Work request: Give all of the data again exactly as written, omitting every image.

**** Given material ****

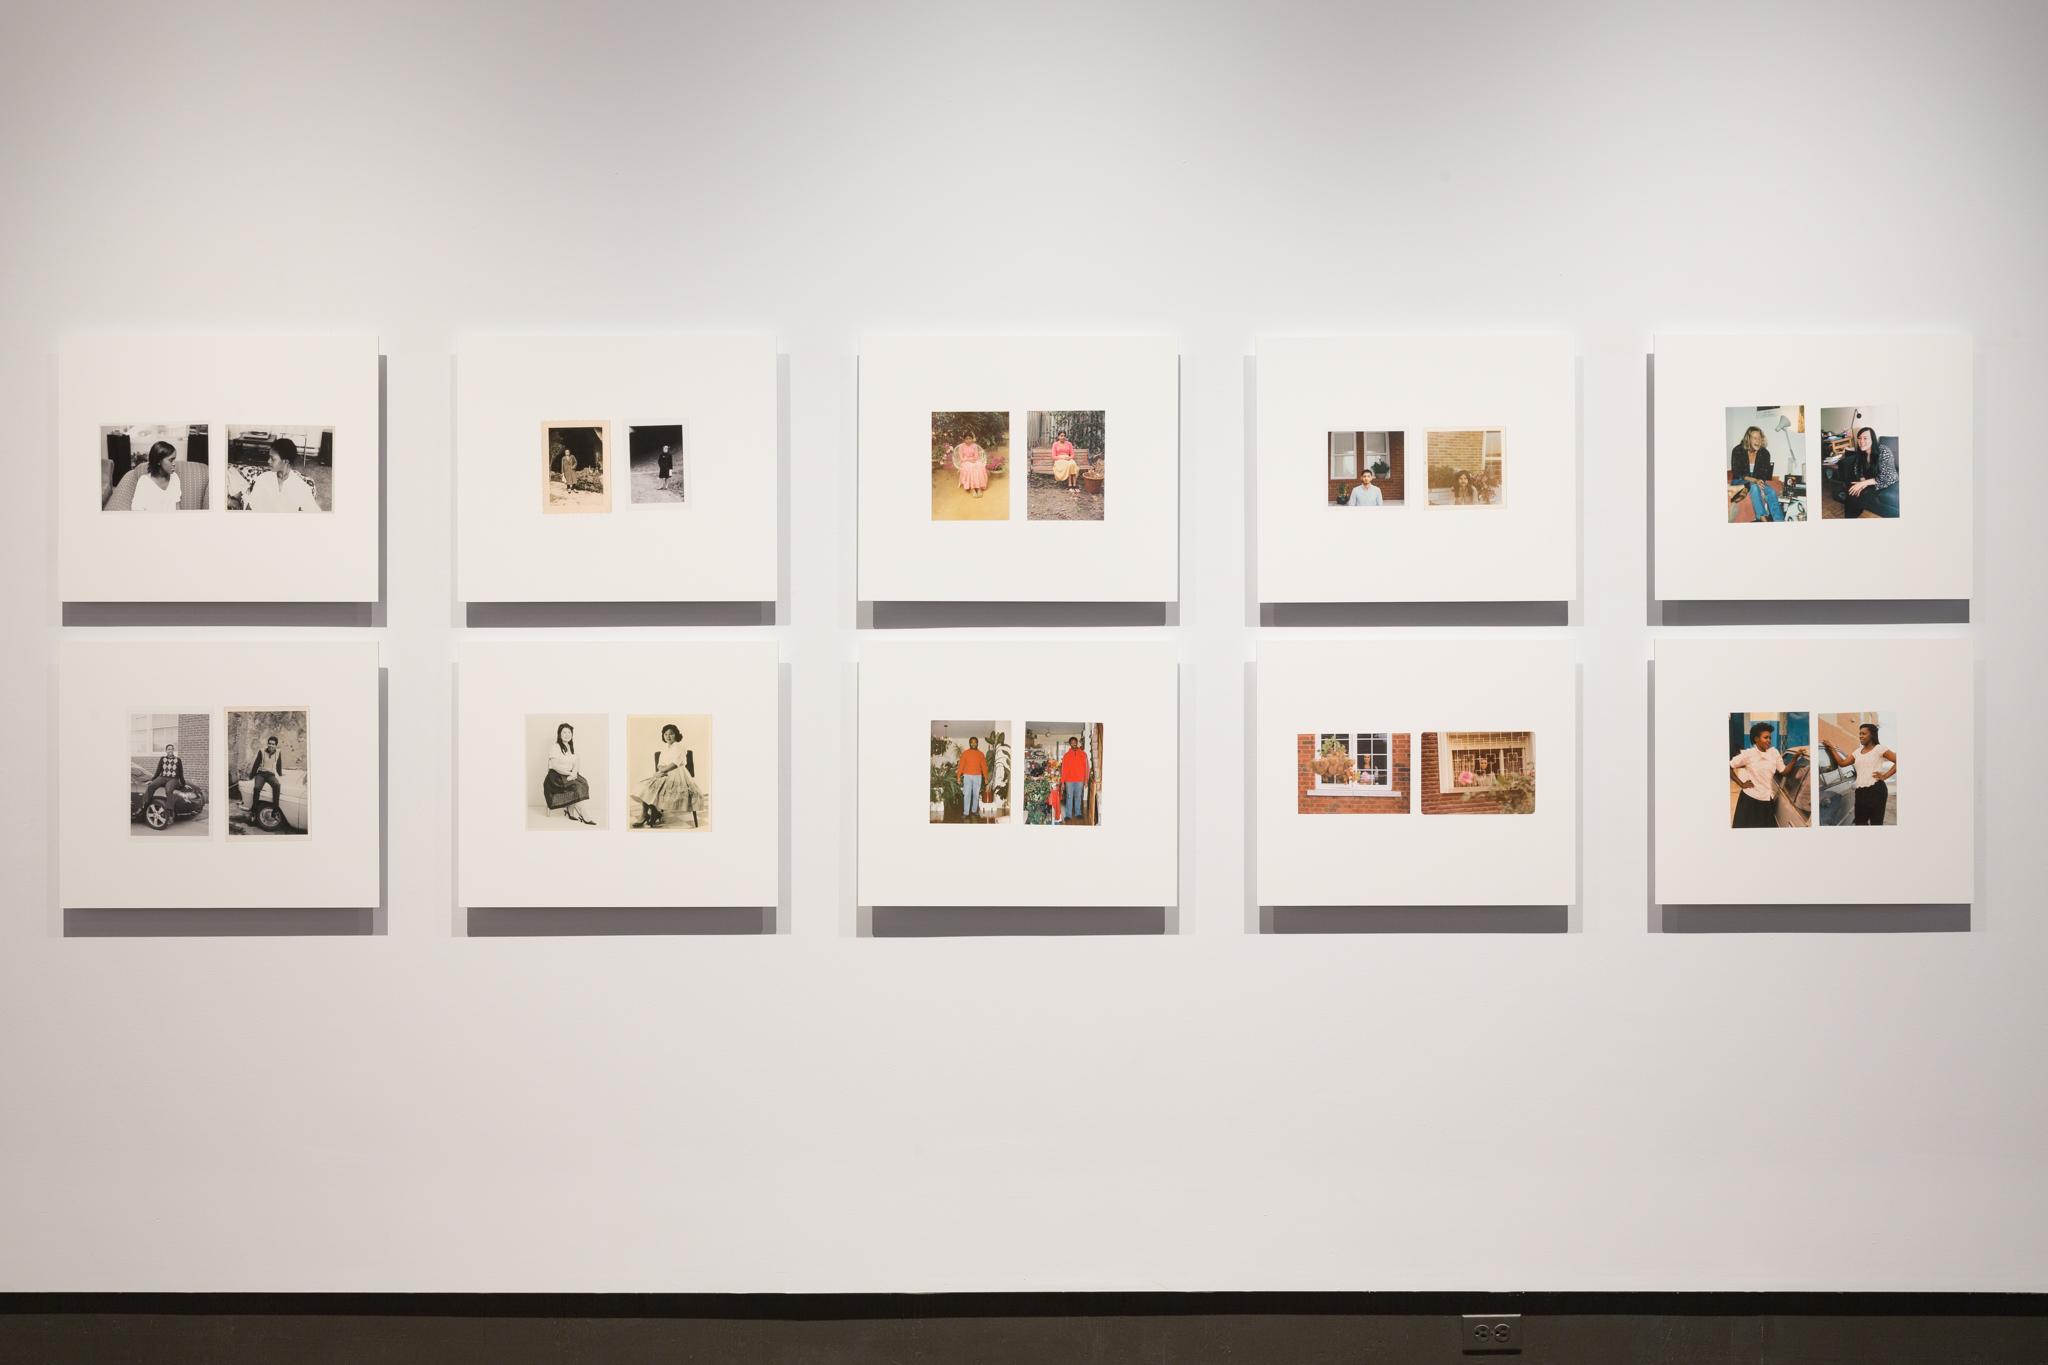 Yonder - University of Waterloo Art Gallery Waterloo. Curated by Matthew Brower and Mona Filip
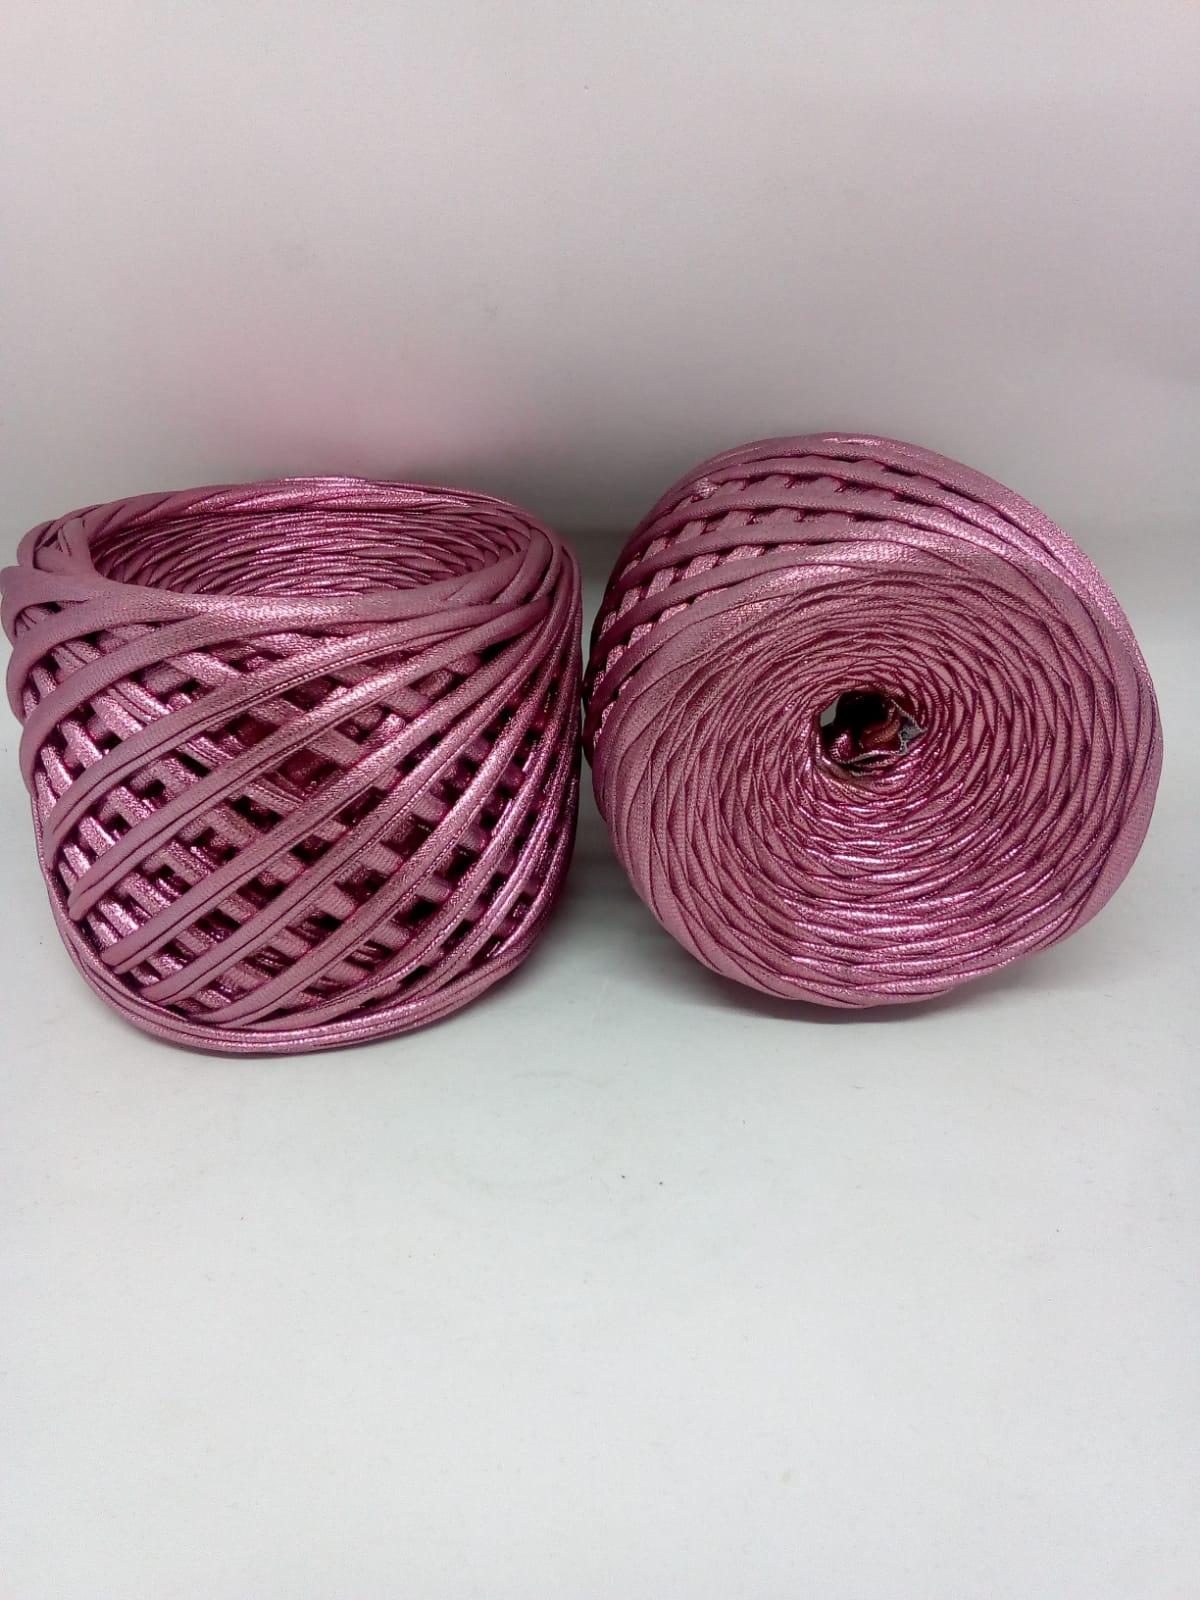 Maccaroni Metallic (Маккарони металика) 6 - мерцающий розовый купить с доставкой по Беларуси
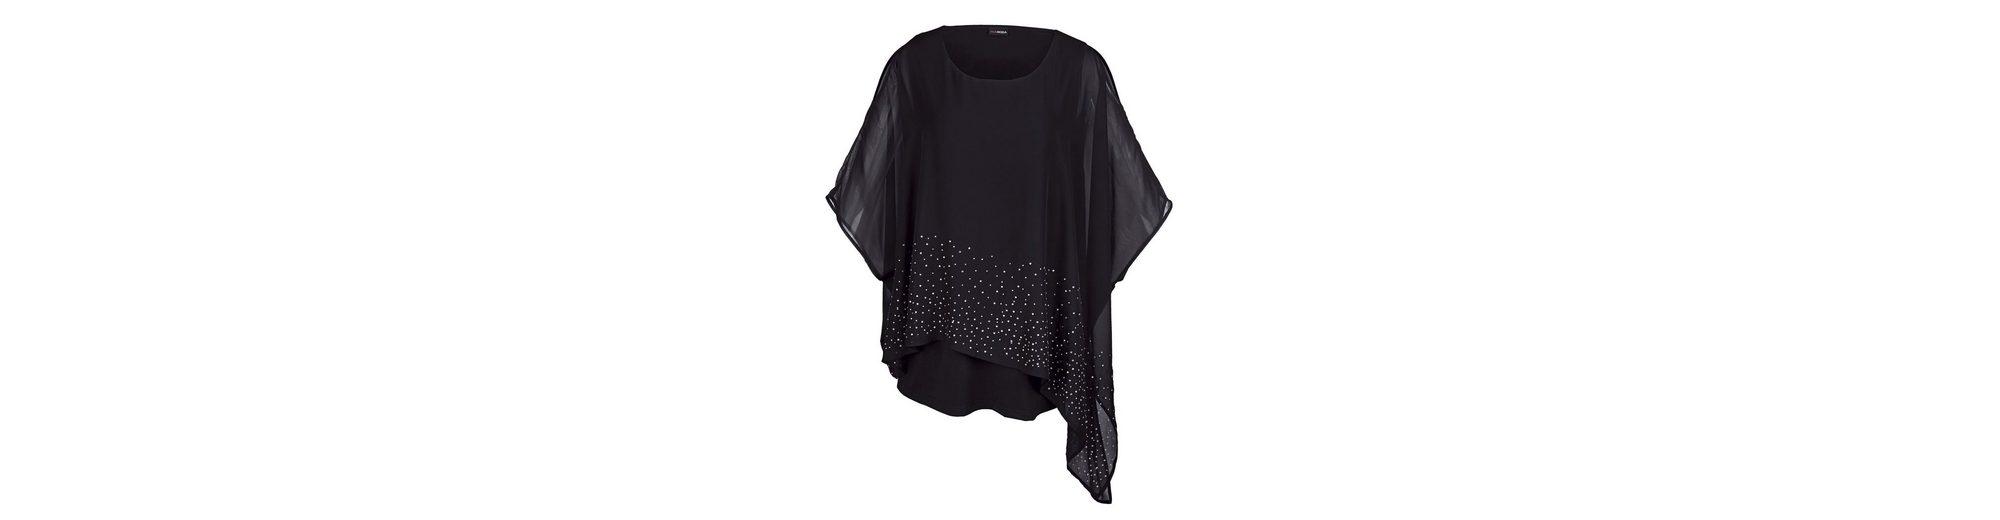 2 in MIAMODA in Shirt MIAMODA Shirt Optik in 1 nWzvq4WX
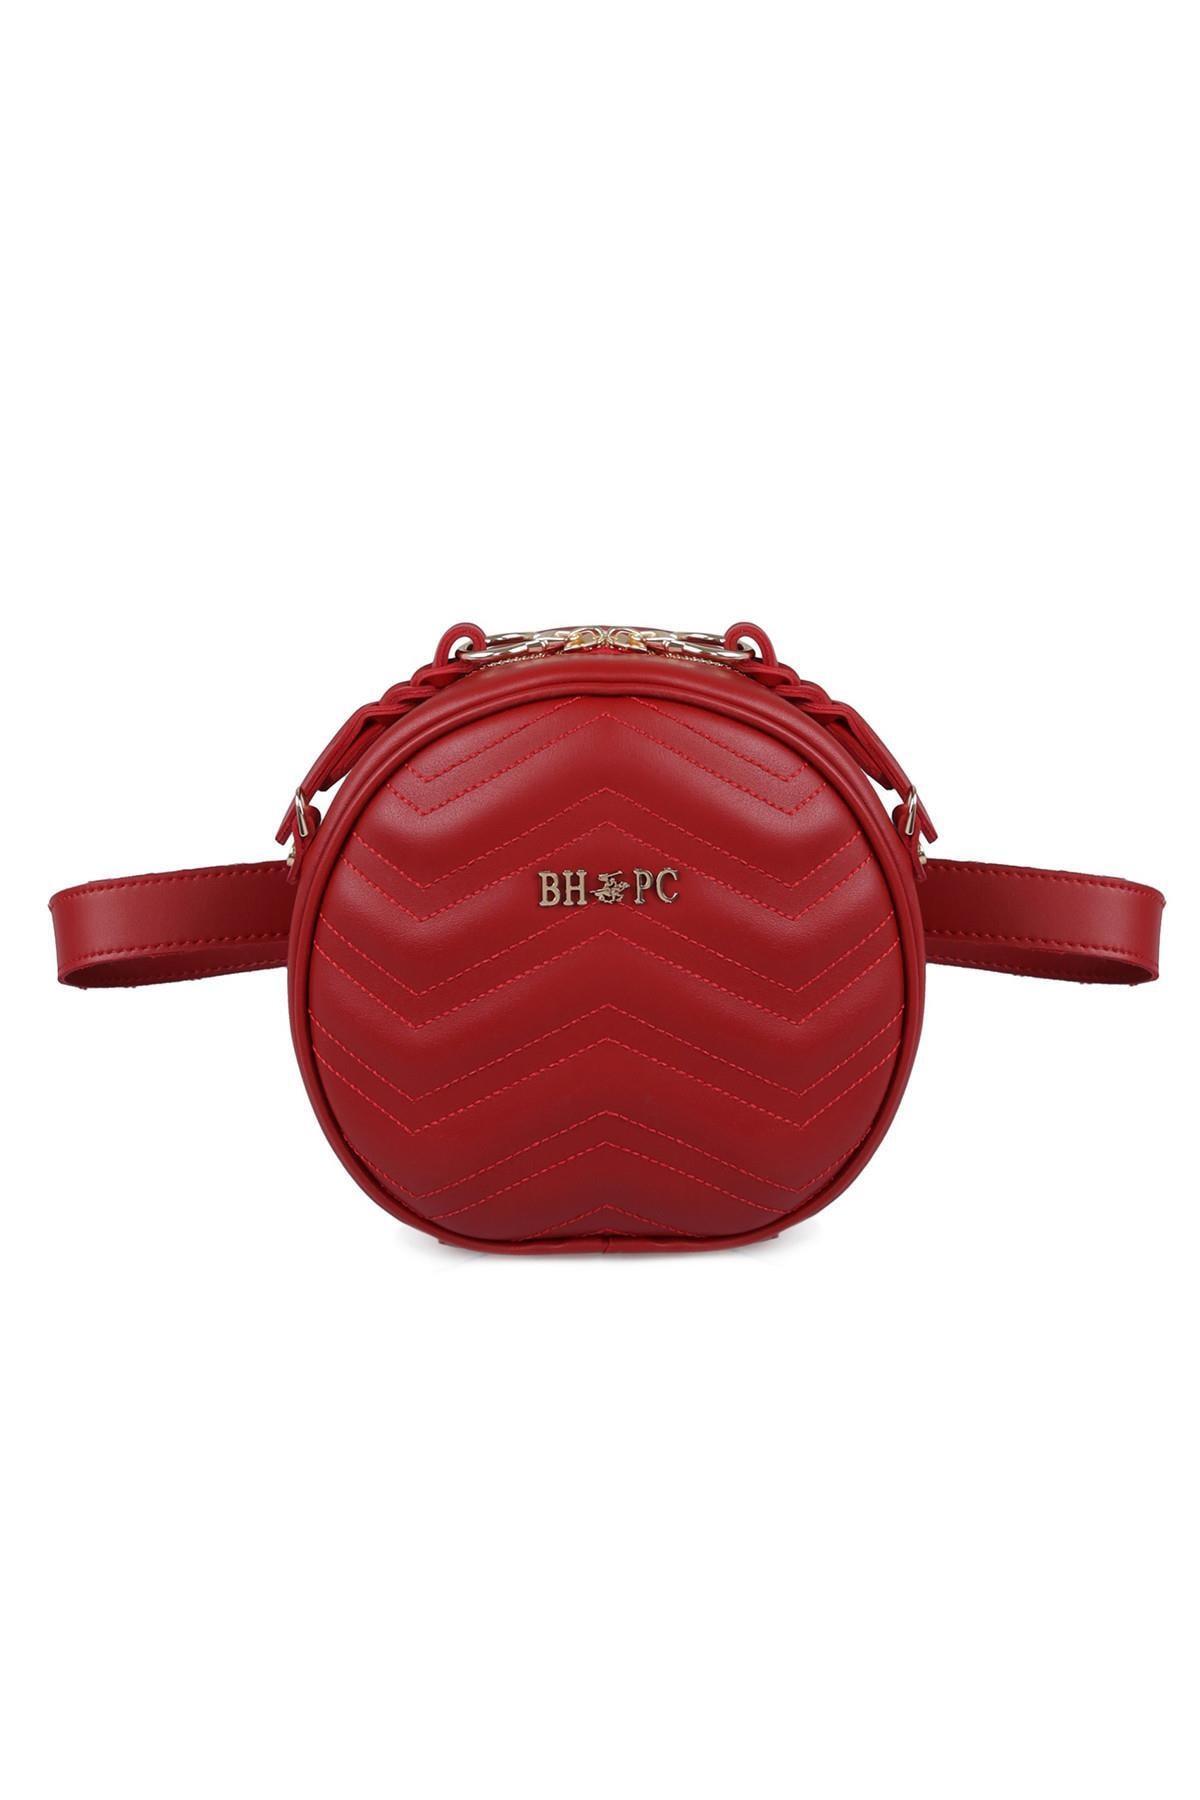 Beverly Hills Polo Club Kadın Zikzaklı Yuvarlak Bel Çantası Kırmızı 1

****

Answer box:
 Yonder - University of Waterloo Art Gallery Waterloo. Curated by Matthew Brower and Mona Filip
 Maccaroni Metallic (Маккарони металика) 6 - мерцающий розовый купить с доставкой по Беларуси
 2 in MIAMODA in Shirt MIAMODA Shirt Optik in 1 nWzvq4WX
 Beverly Hills Polo Club Kadın Zikzaklı Yuvarlak Bel Çantası Kırmızı 1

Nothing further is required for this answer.